The Japan Revolutionary Communist League (日本革命的共産主義者同盟, Nihon Kakumeiteki Kyōsanshugisha Dōmei) is a Trotskyist group in Japan.

==History==
Several small groups split from the Japanese Communist Party (JCP) following the Hungarian Revolution of 1956. They attended a congress in 1957 and agreed to unite as the JRCL. Although Japan had no history of Trotskyist organisations, they affiliated with the International Secretariat of the Fourth International, while also making contact with the U.S. Socialist Workers Party.

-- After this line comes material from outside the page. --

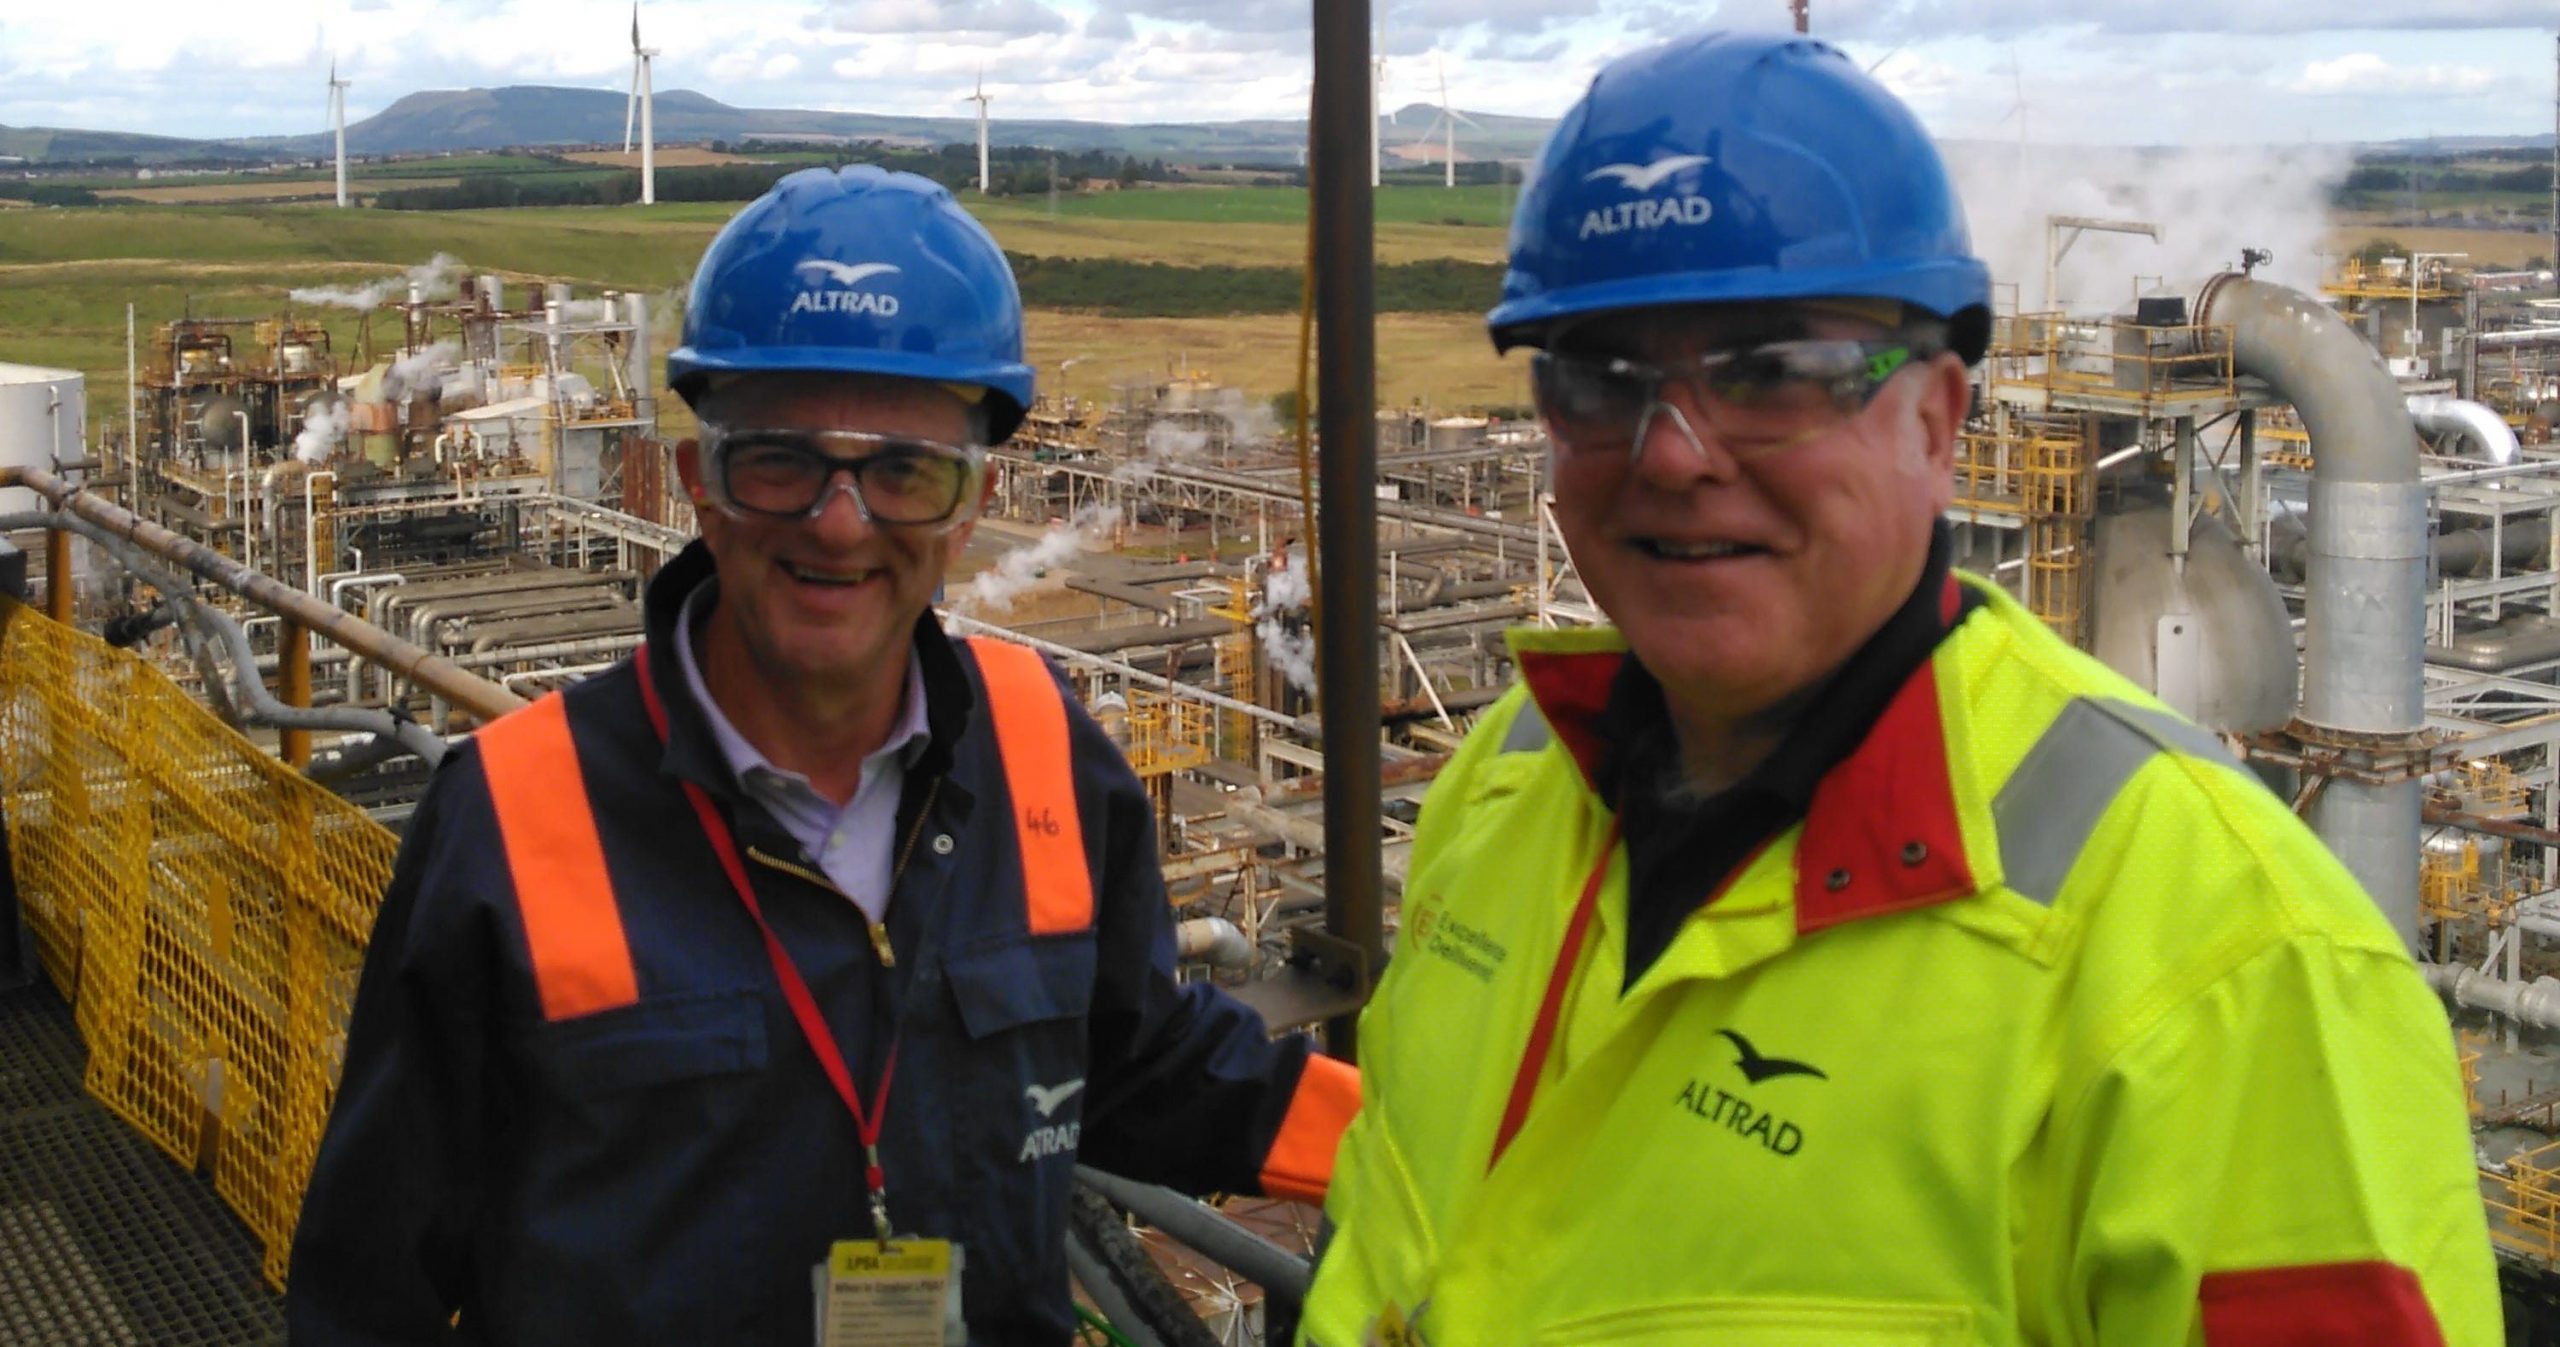 CEO Andrew Hockey Left With ECITB Account Manager Paul Hynd During A Visit To The Fife Ethylene Plant FEP Mossmorran Facility In Scotland Scaled Aspect Ratio 760 400

Many of the organisation's founding members were active in the All-Japan Federation of Student Autonomous Associations, and disagreed with the JCP policy forbidding the student group from developing any political lines distinct from the party. Other members initially attempted to work within the JCP, but leading member Kyoji Nishi was expelled in 1958. The following year, the party split, with dissidents including Kuroda Kan'ichi forming the Japan Revolutionary Communist League National Committee. The remainder of the party instead attempted entrism within the Japan Socialist Party. This continued until 1968, when the group re-established itself openly, after it had gained members during anti–Vietnam War protests. It remained part of the international Trotskyist movement, becoming part of the Fourth International (FI). The party increasingly turned to work in the trade unions, with some success. In 1991, it was demoted to sympathiser status within the FI. And in 2020, the organization became Japan Section again within the FI.